Страница 52 из 128
Все сказанное мною, экселенц, как бы принадлежит отраженному в Зрцадло магическому образу — но сами слова исходили из Срединной империи, вы понимаете: от Я, которое везде—и надо всем!
Ваши высокоблагородные предки, экселенц, целое тысячелетие тешили себя званием лейб-медиков; а что, если бы теперь экселенц немного позаботился о драгоценном здоровье своей собственной души?
До сих пор, экселенц, — увы, не могу обойти молчаньем — ваш высокочтимый полет не был достаточно высоким. «Шнель» с его паприкой отнюдь не граничит, как это было бы, конечно, желательно, с взыскуемой Срединной империей. Зачатки крыльев экселенц, несомненно, имеет (что бывает с теми,
у кого отсутствуют даже они, вы могли недавно убедиться на печальном примере центрального директора), иначе я бы не утруждал себя сегодняшним визитом — так вот, как я уже сказал, крыльев еще нет, однако зачатки имеются, примерно такие, как... как у пингвина...

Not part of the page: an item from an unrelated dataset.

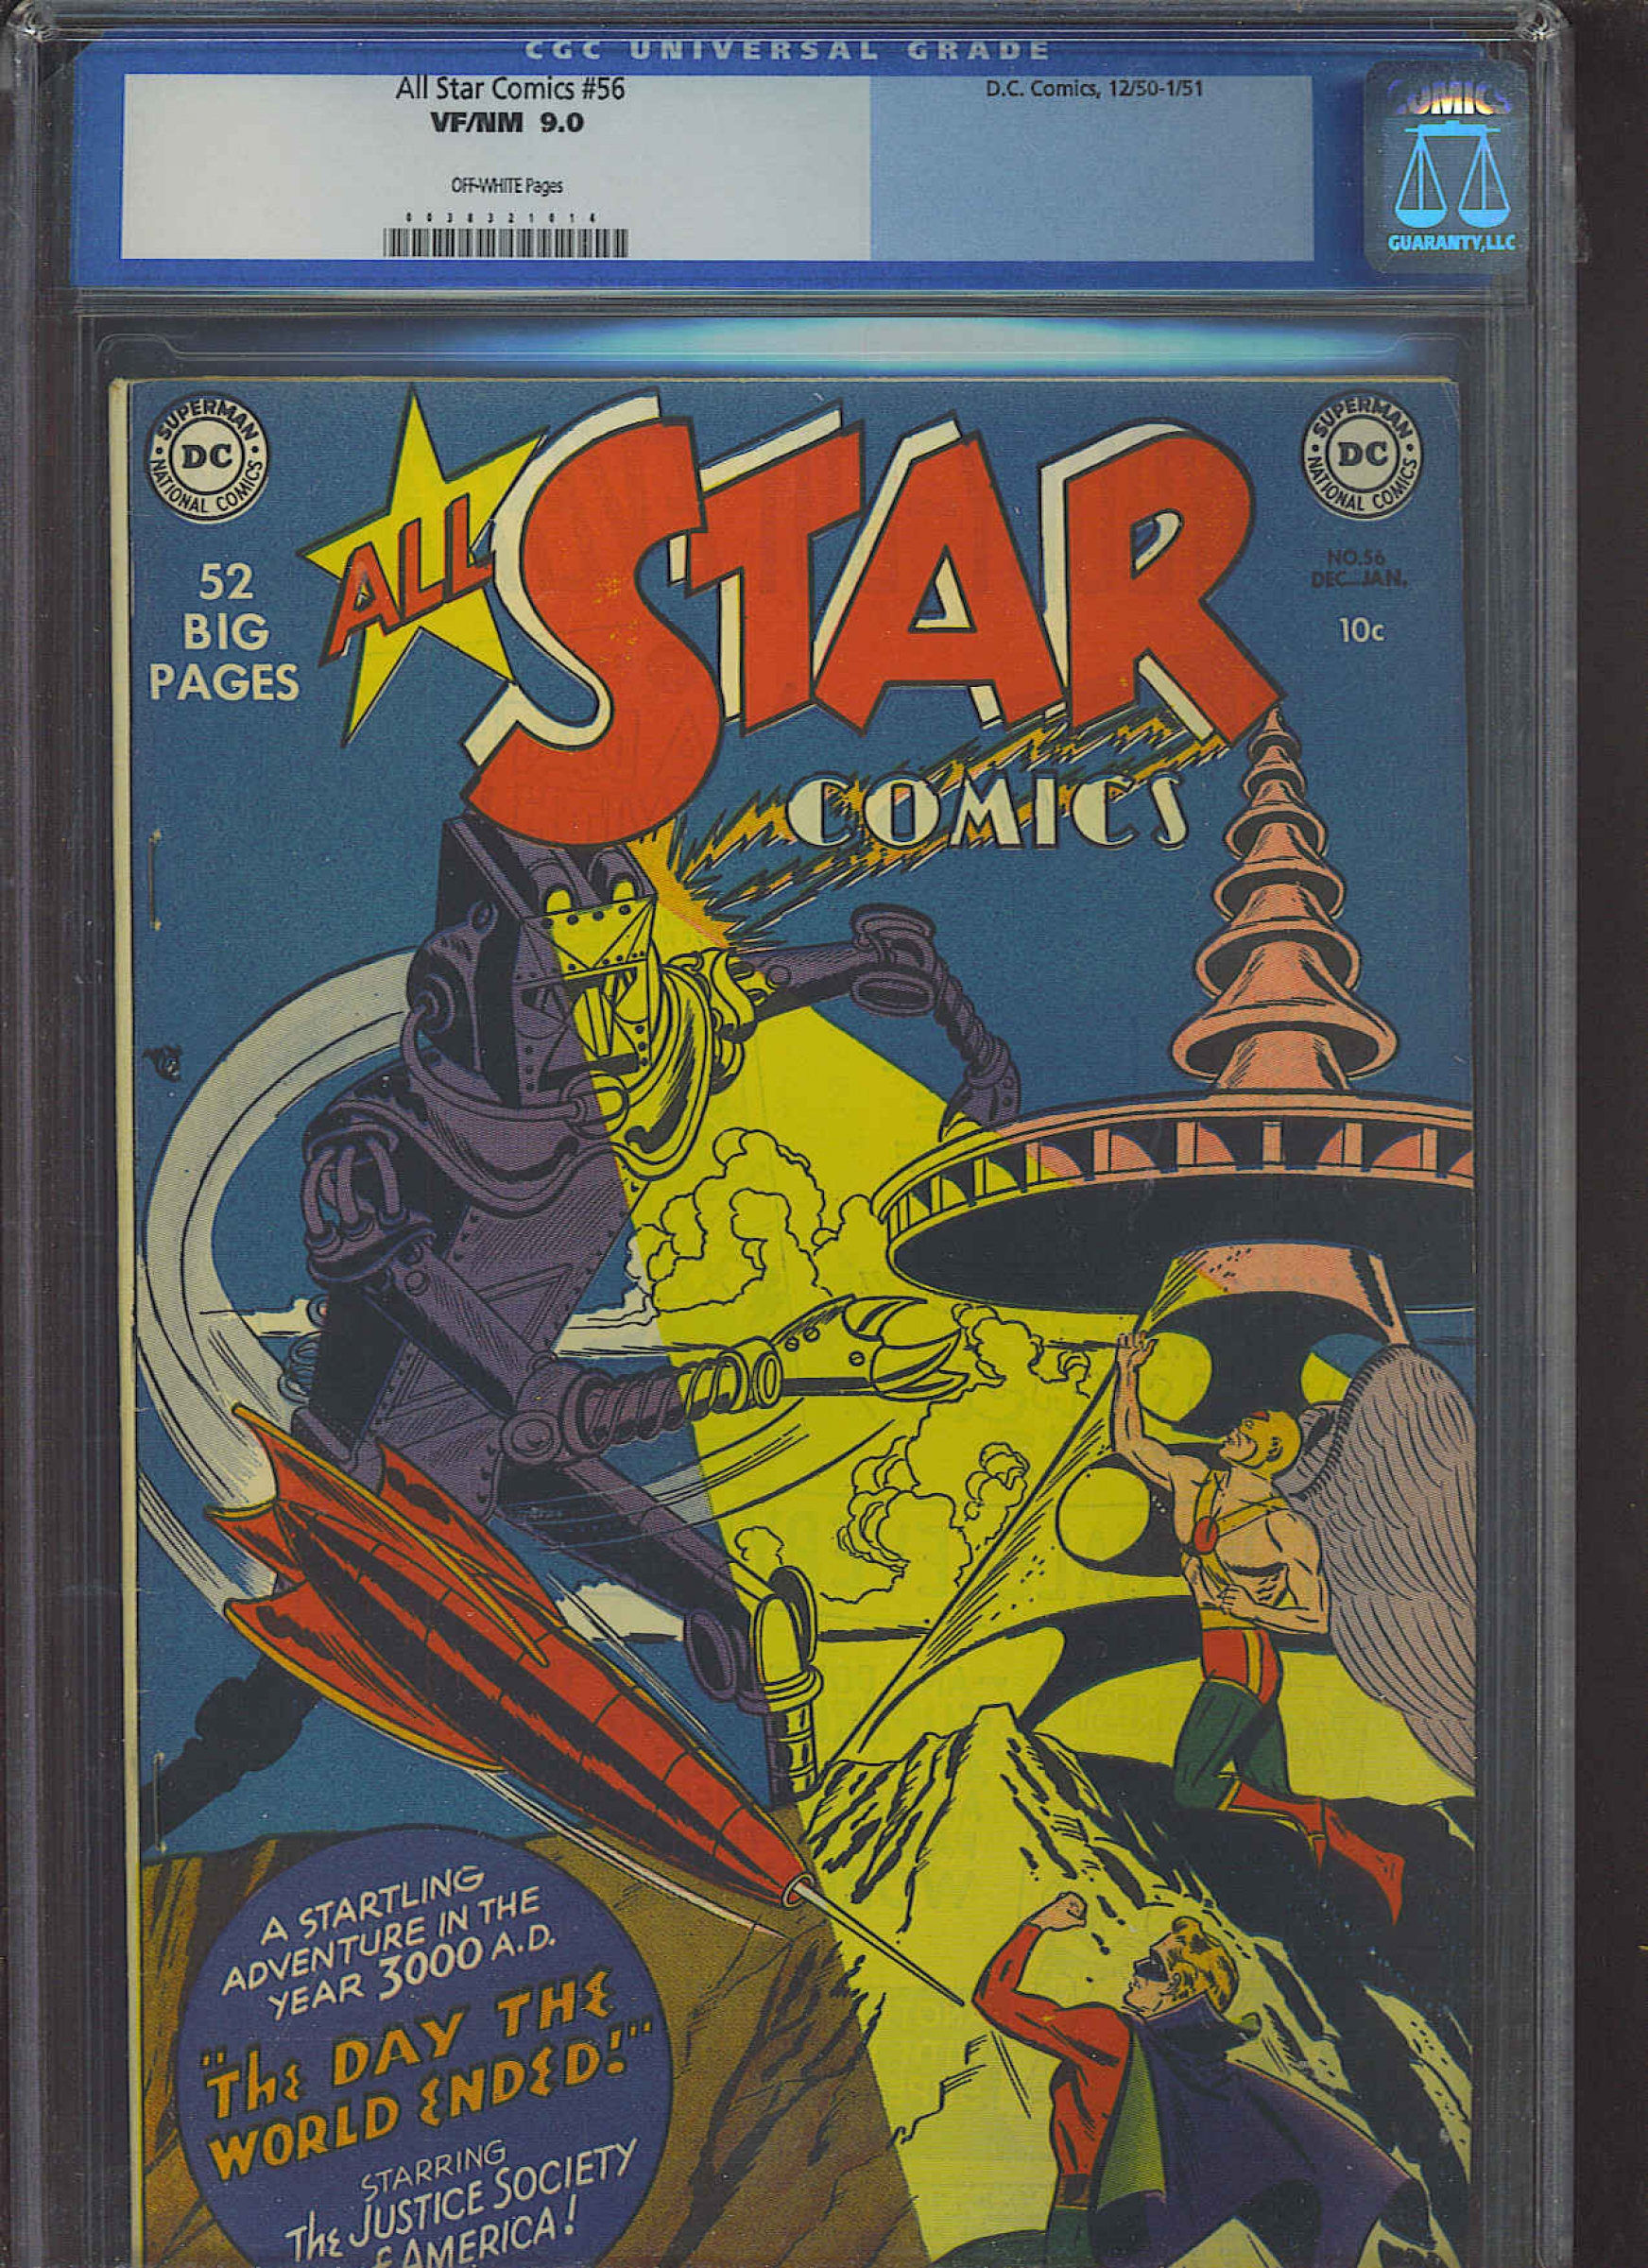 All Star Comics #56 CGC 9.0 ow

Скрип дверной ручки прервал лекцию усатого призрака: дверь медленно раскрылась, и по диагонали висевшего на ней зеркала скользнуло отражение комнаты со всей ее обстановкой; мебель, казалось, утратила свою опору. Вошел полицейский...
— Пожалуйте по домам, господа, двенадцать часов! Ресторация на сегодня закрывается!..
И прежде, чем господин императорский лейб-медик смог членораздельно сформулировать переполнявшую его бездну вопросов, актер уже молча вышел вон.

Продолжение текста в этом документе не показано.